Comparing fields across two tables

It's a shell-user's axiom: if you find yourself typing certain commands again and again, script them.

The data-auditing job I was doing (again and again) was to compare the same field in two different tab-separated tables, looking for differences in the "same" data items. Below are two example tables. This is "fileA":

localID	lastName	firstName	email
RolKiC0h	Albrecht	Rosie	albrecht@yahoo.com
k1QZrQIu	Laursdatter	Zeynep	zeyneplaursdatter@gmail.com
TRcdUSJC	Torres	Alex	alextorres@gmail.com
9dYfqWpZ	Fournier	Malo	malo.fournier@gmail.com
MDCZit6k	Rault	Alpinien	alpinienrault@laposte.net
ueJ7isSW	Yildirim	Aaron	aaron.yildirim@yahoo.com
rVoJHkp0	Martinez	Enrique	martinez@telefonica.es
CjJuijEO	Osińska	Marta	osinska@poczta.onet.pl

and this is "fileB":

donation	email	localID
5	sagalundquist@hotmail.se	DEn1MoBz
10	zeyneplaursdatter@gmail.com	k1QZrQIu
15	aaron.yildirim@yahoo.com	ueJ7isSW
10	emartinez2129@gmail.com	rVoJHkp0
20	alpinienrault@laposte.net	MDCZit6k
10	malo.fournier@gmail.com	9dYfqWpZ
10	saunier@free.fr	AjO6M0Tx
15	albrechtrosie4@gmail.com	RolKiC0h

The fake names and emails are modified (in part) from the wonderful datafairy website. The localIDs were built with head -n3 /dev/urandom | tr -cd '[:alnum:]' | cut -c -8.

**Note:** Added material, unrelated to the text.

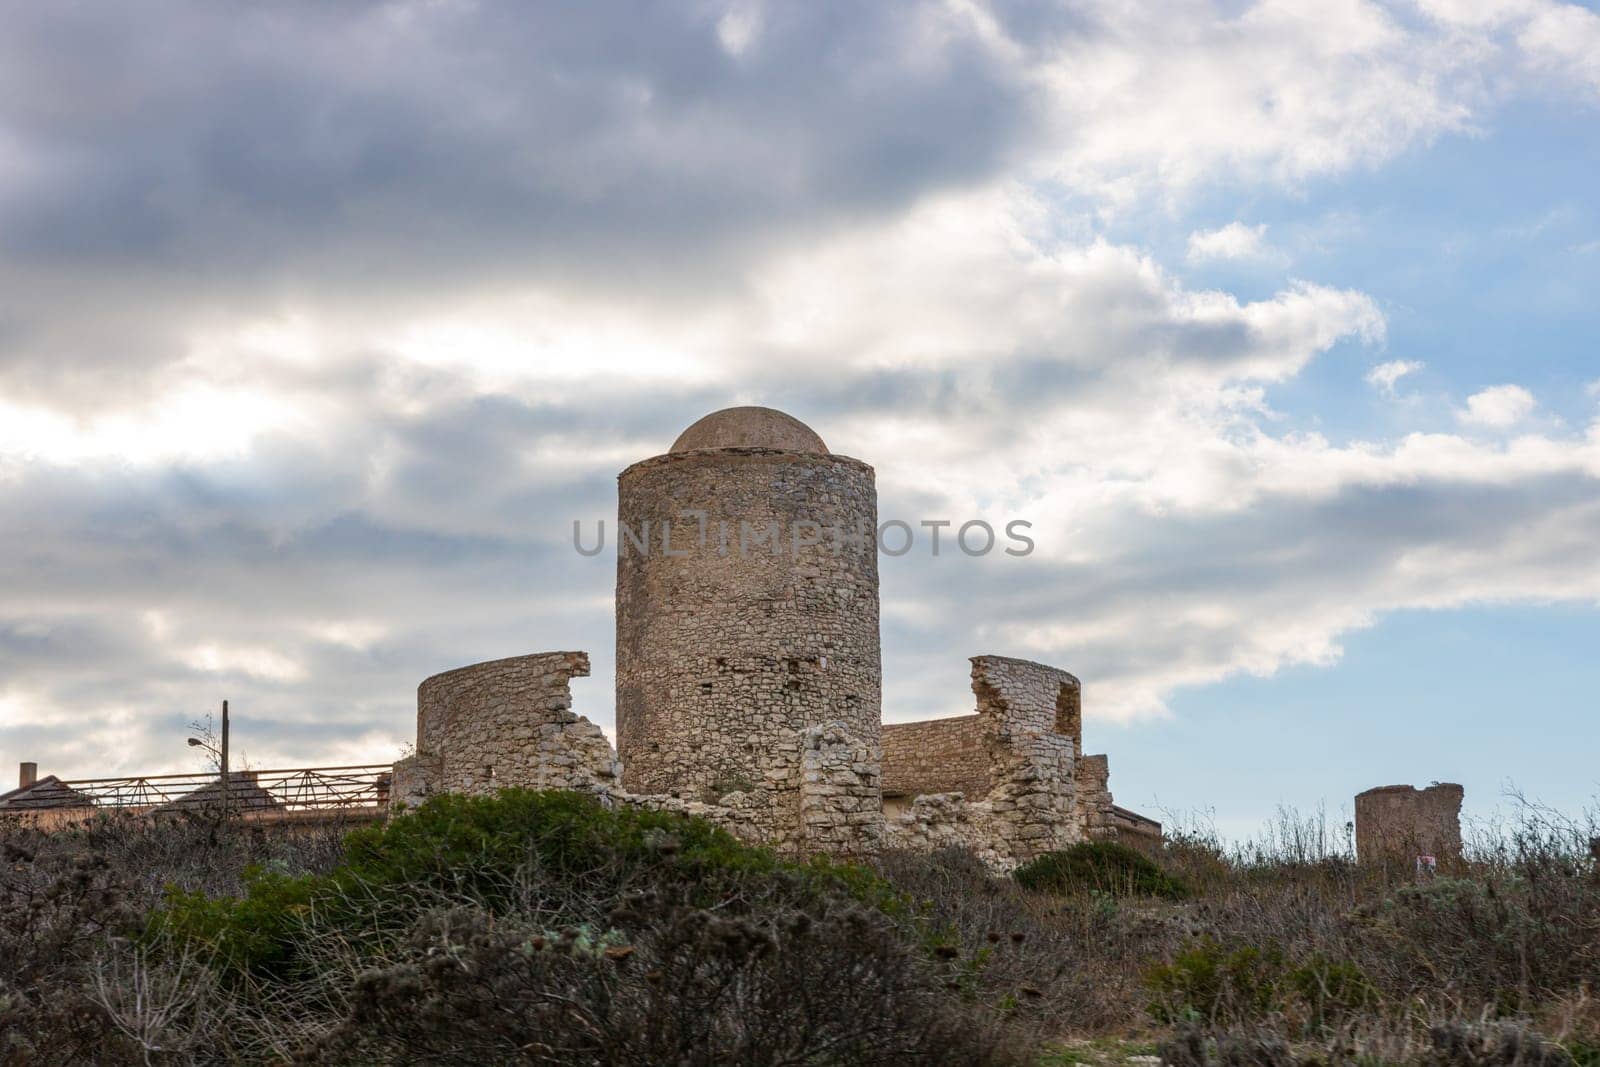 Bonifacio town, medieval citadel in Corsica Island, France

Each person in these tables has a unique localID. The question is, is the person's email address different in the two files? With these two tables, you can answer that question just by looking (there are two changes of email address), but the files I audit might have 100+ fields and several million records. Finding differences by eye is out of the question. To look for differences between large files I use a 3-step strategy, described below.

Pick and check a unique identifier (UI) field. In the example, the localID field will do this job. Unfortunately, in some of the data tables I audit, the "unique" ID isn't unique at all because of duplication or pseudo-duplication of records. After selecting a candidate UI field, I always check it for uniqueness. I first get a numbered list of fields from the header line of each table

and then use the field numbers to cut out the UI fields (here, localID) from the two tables and check them for uniqueness. If the line count of duplicates is greater than zero in either table, I try to fix the duplication or pseudo-duplication problem before going any further. Note also that the name of the UI field is the same in the examples, but it might be different in the two tables I'm comparing in an audit.

Select out the common records. Next, I build a list of the localIDs shared by the two tables, using comm -12. The list is saved as the temp file "commonIDs".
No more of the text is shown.